Ах, значит, я глупая овца? Значит, меня надо воспитывать? Ну хорошо же, мой дорогой свёкр. Сейчас я тебе покажу такую овцу, что ты своих баранов не узнаешь.
— Ляля! — рычит Сулейман, заметив, что его бурка валяется у моих ног. — Прикройся немедленно!
— Ах, простите, — я хлопаю ресницами с самым невинным видом и медленно, очень медленно наклоняюсь за буркой, давая итальянцу возможность рассмотреть всё.
Всё, что мой свёкр ещё несколько минут назад считал своим. Своим и ничьим больше.
— Я такая неуклюжая. Глупая овца, сами понимаете. Мой дорогой свёкр правильно это подметил…
Я произношу это с таким сладким ядом в голосе, что Сулейман багровеет. Его желваки ходят ходуном, а пальцы сжимаются в кулаки. Он взбешён.
— Луиджи, — цедит он сквозь зубы, — это моя невестка. Жена Ибрагима. Она здесь… на перевоспитании.
— На перевоспитании? — итальянец отрывает от меня взгляд с явным трудом и переводит его на Сулеймана. Его губы растягиваются в понимающей усмешке. — Каро, я знал, что у вас на Кавказе суровые обычаи, но чтобы такие красавицы нуждались в перевоспитании… — он подходит ближе, берёт мою руку и подносит к губам. Его поцелуй длится на секунду дольше, чем положено. — Луиджи Версаче, — мурлычет он мне в ладонь. — Друг вашего свёкра и, надеюсь, ваш покорный слуга.

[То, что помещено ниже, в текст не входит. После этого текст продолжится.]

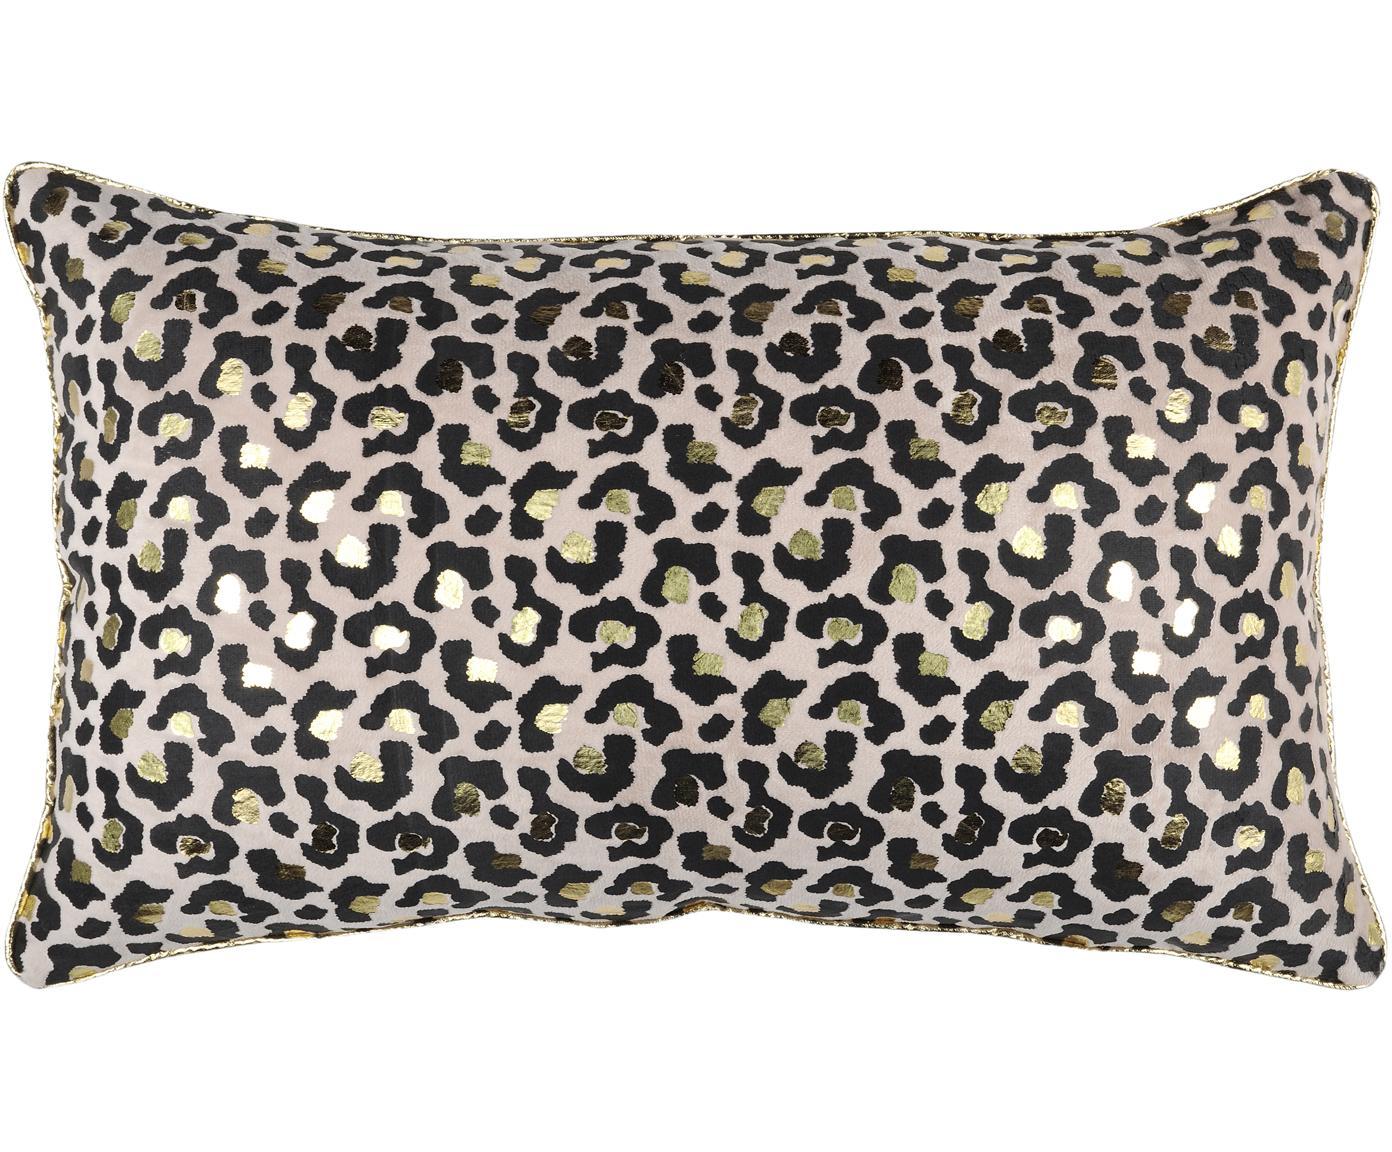 Poduszka z wypełnieniem Jangal, Poliester, Czarny, beżowy, odcienie złotego, S 30 x D 50 cm

— Ляля, — отвечаю я, одаривая его самой ослепительной улыбкой из своего арсенала. — Просто Ляля.
— Просто Ляля, — повторяет Луиджи, смакуя каждую букву. — Белиссима. Великолепная.
Сулейман издаёт какой-то странный звук, похожий на рык раненого зверя. Он подлетает к нам и буквально вырывает мою руку из пальцев итальянца.
— Она идёт в дом, — отрезает он. — Ей нужно приготовить обед для гостя. Ляля, марш на кухню. Быстро. И прикройся уже, ради Аллаха! А то мне придётся утопить тебя в колодце, как делали наши предки с распутницами!
— Конечно, дорогой свёкр, — я склоняю голову в притворном смирении и, проходя мимо Луиджи, стреляю в него глазками.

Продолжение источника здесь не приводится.